- **Source data**
☆ ☆ ☆ ☆ ☆

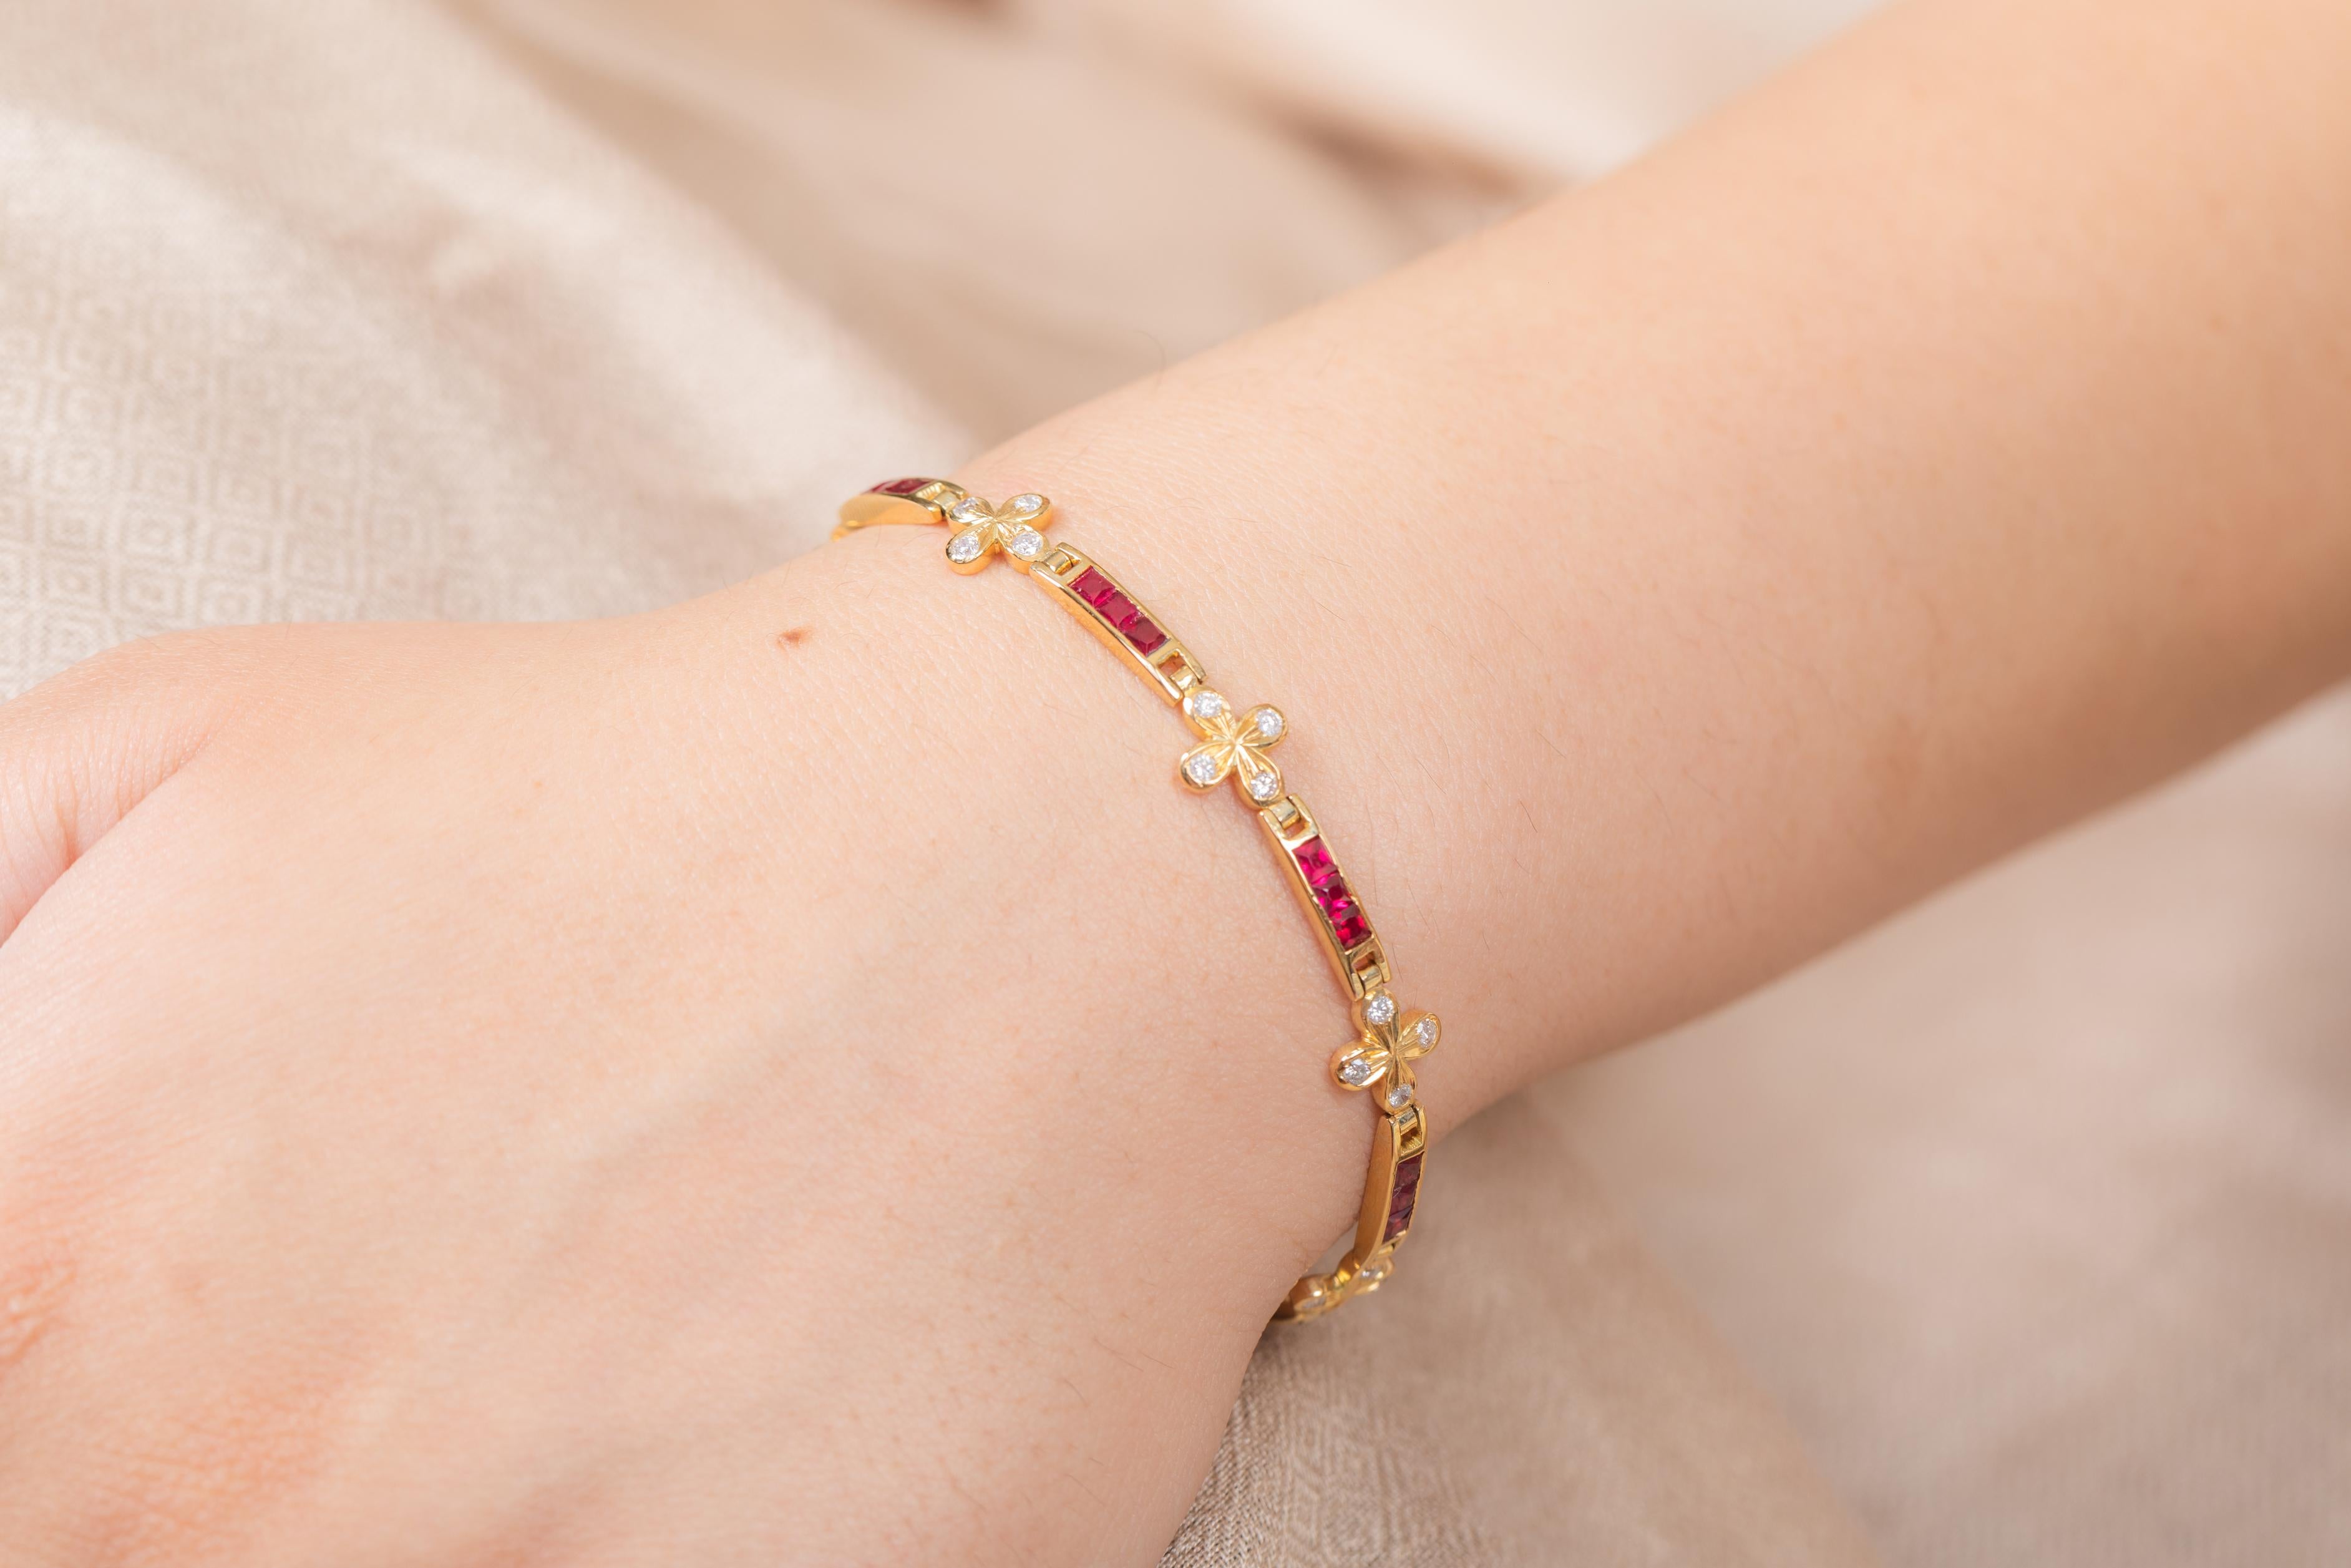 The wearing of charms may have begun as a form of amulet or talisman to ward off evil spirits or bad luck.
This ruby bracelet has a square cut gemstone and diamonds in 18K Gold. A perfect piece of jewelry to adorn your jewelry section.

PRODUCT
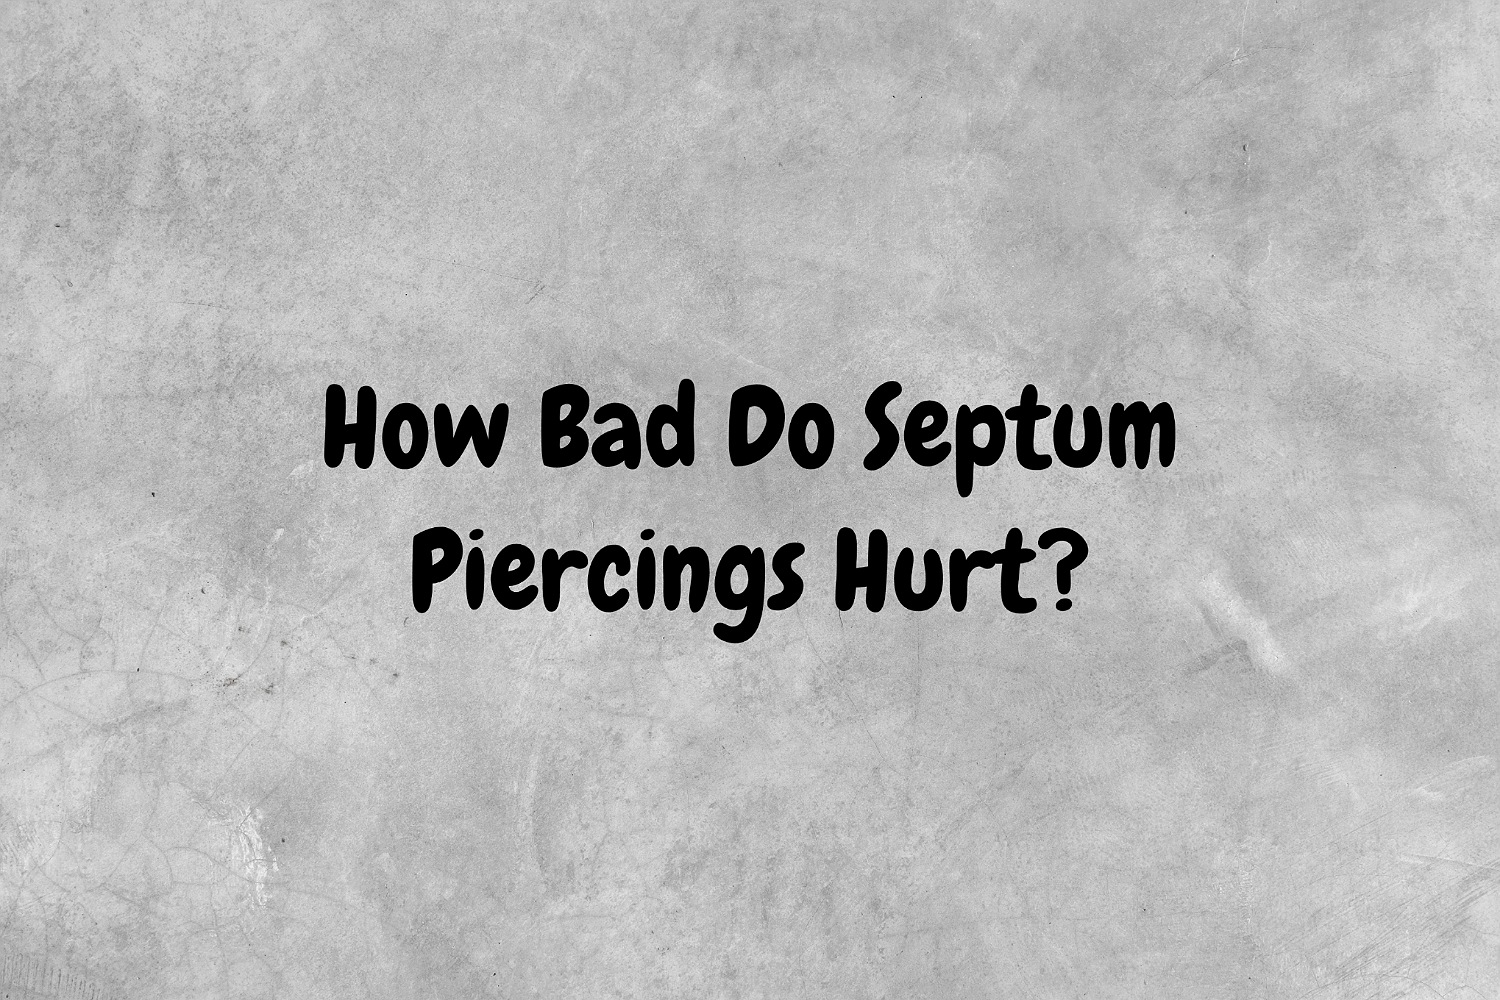 An image with a gray background and black text proposing the question, "How bad do septum piercings hurt?"
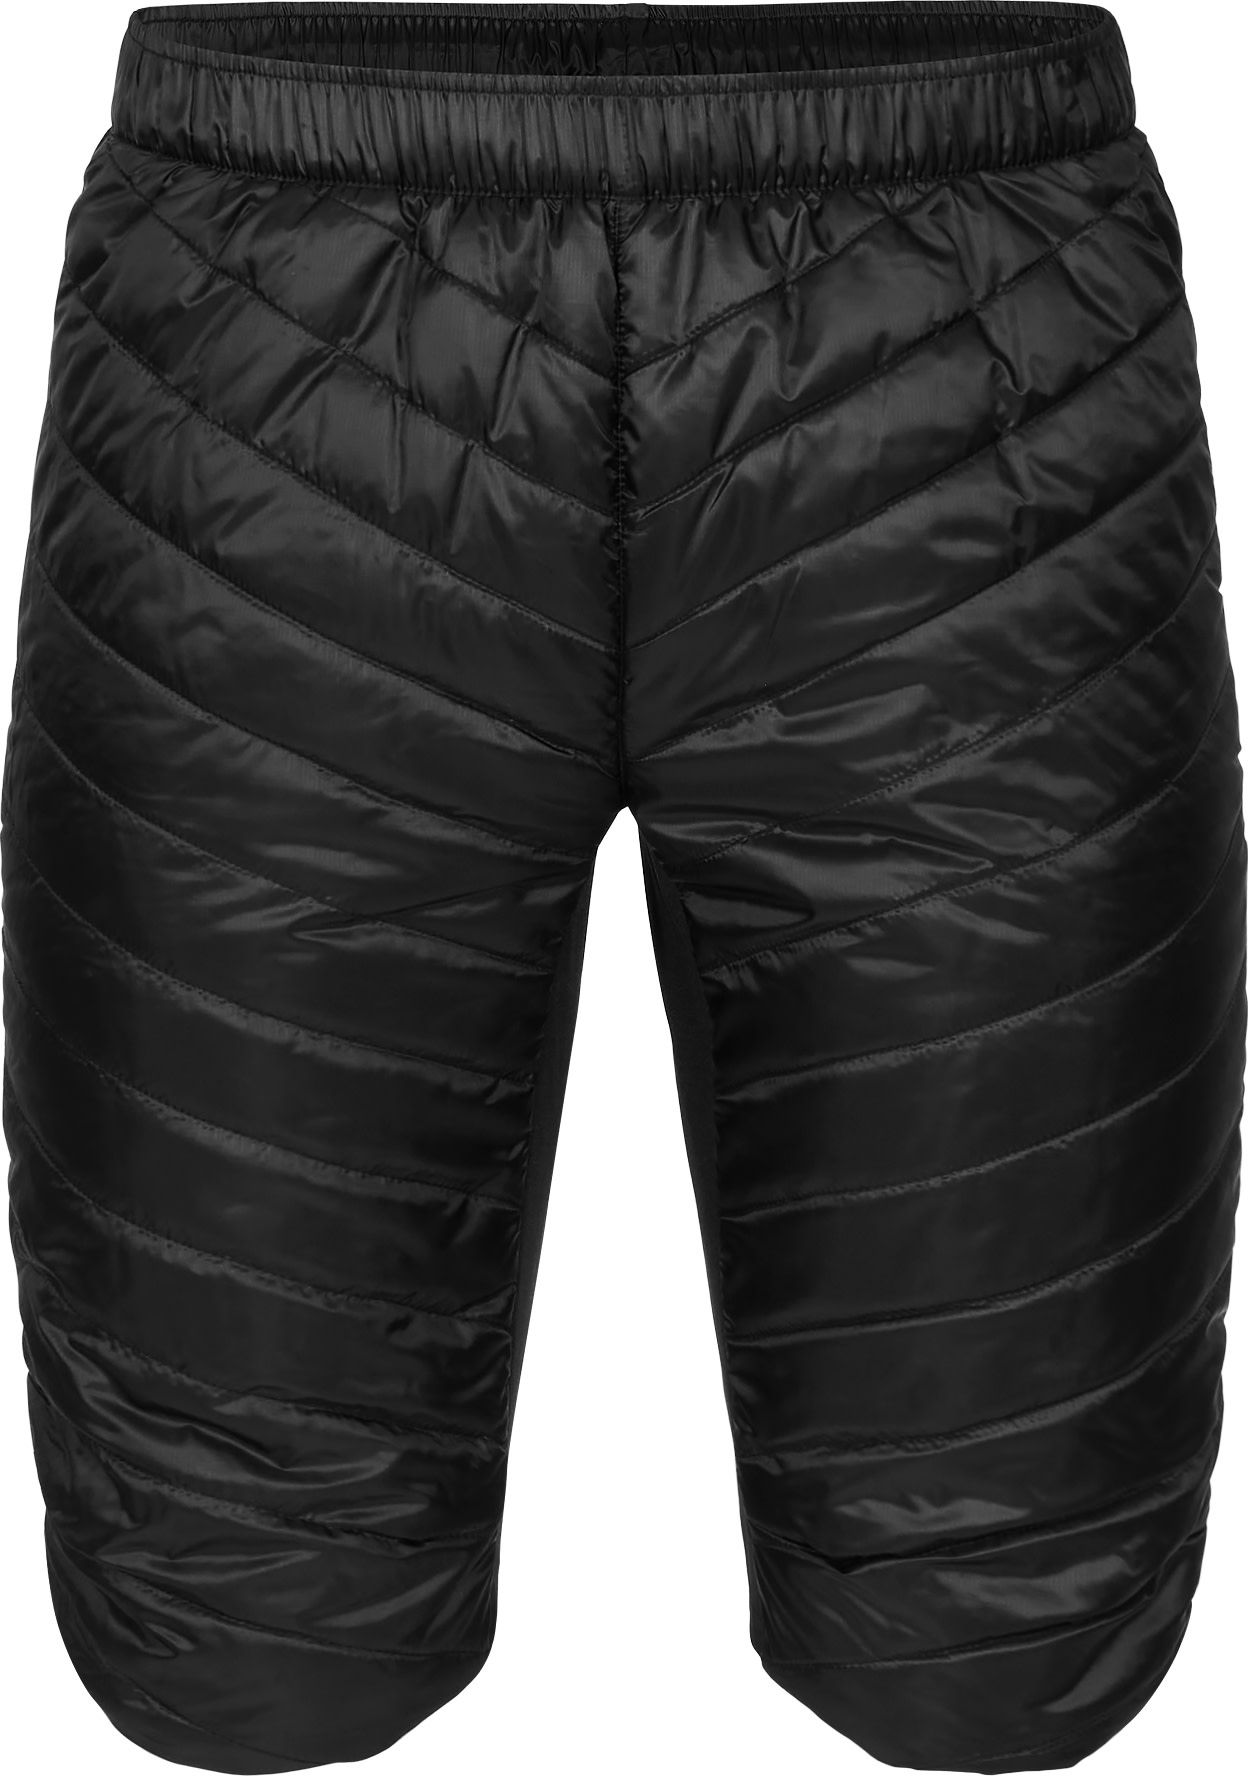 Men\'s Stretch Padded Outnorth | Short Padded here Black Buy Over Men\'s | beauty Black beauty Short Stretch Over
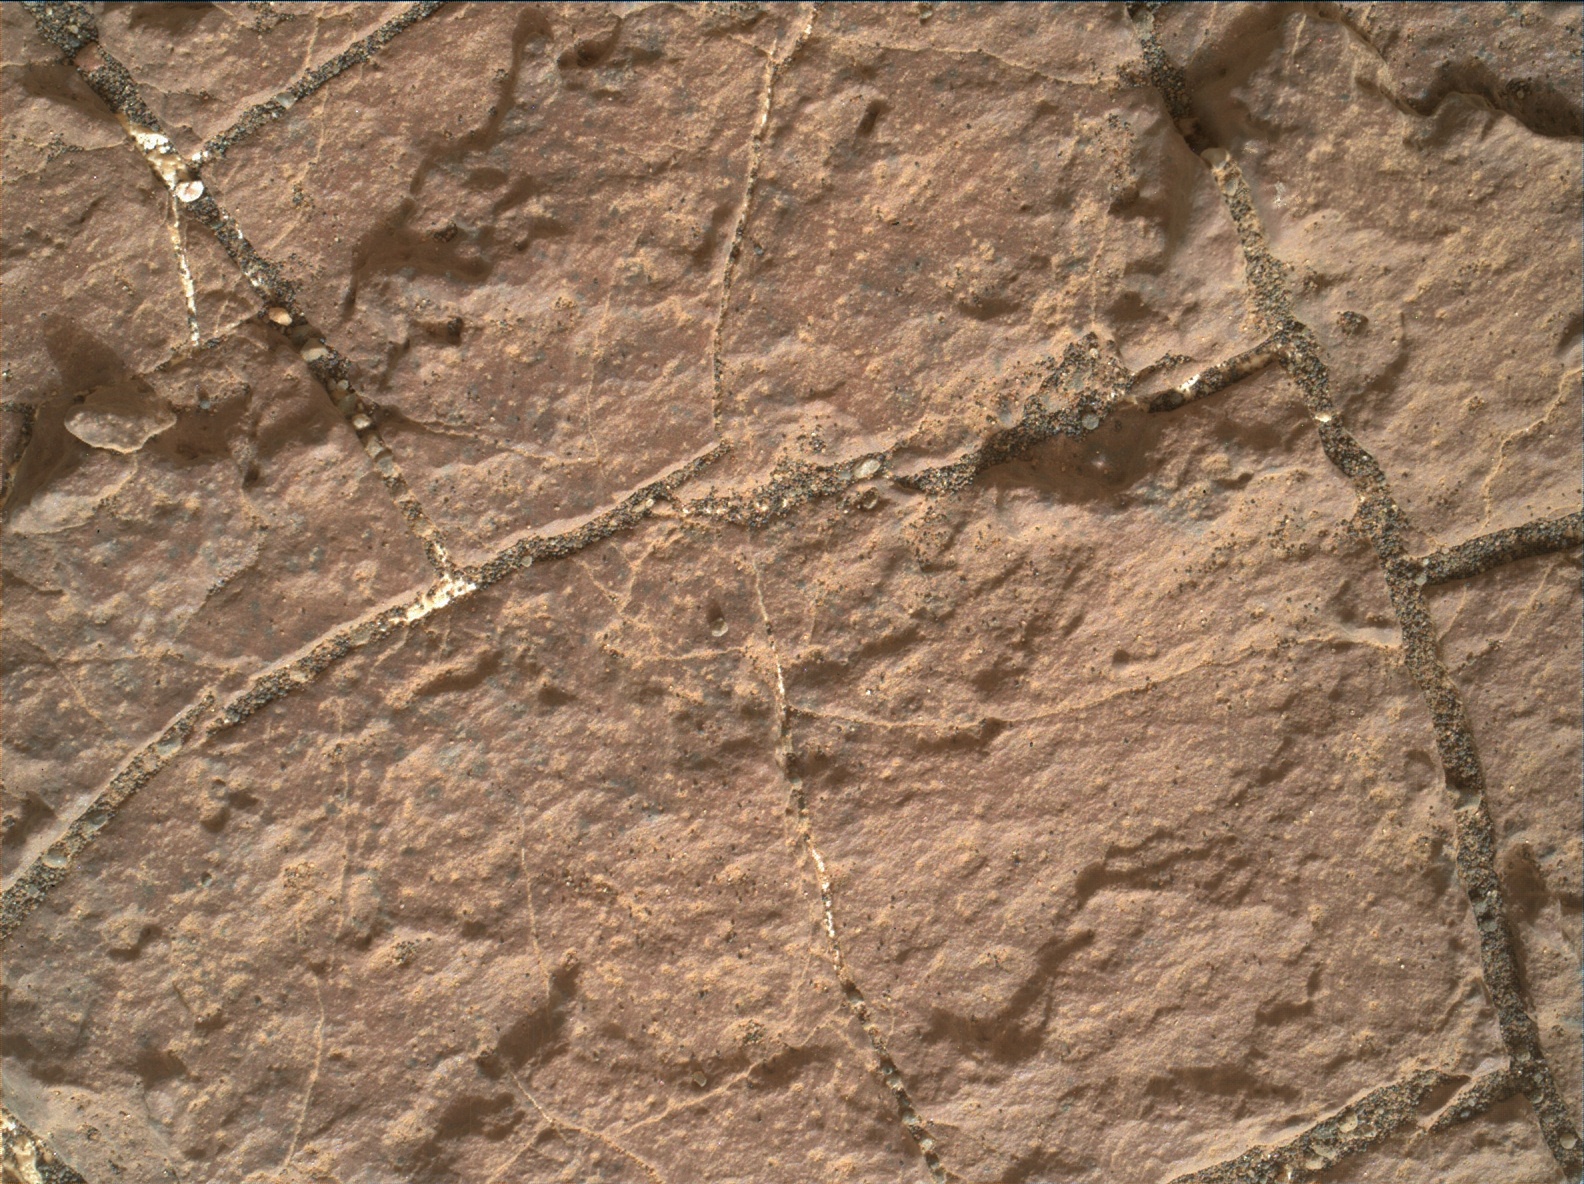 Nasa's Mars rover Curiosity acquired this image using its Mars Hand Lens Imager (MAHLI) on Sol 1477

☆ ☆ ☆ ☆ ☆

- **Exercise prompt**
Repeat each line word for word, from the one with "Men\'s Stretch Padded" down to the last line of the data, and keep the pictures out of it.

- **Task answer**
 Men\'s Stretch Padded Outnorth | Short Padded here Black Buy Over Men\'s | beauty Black beauty Short Stretch Over
 Nasa's Mars rover Curiosity acquired this image using its Mars Hand Lens Imager (MAHLI) on Sol 1477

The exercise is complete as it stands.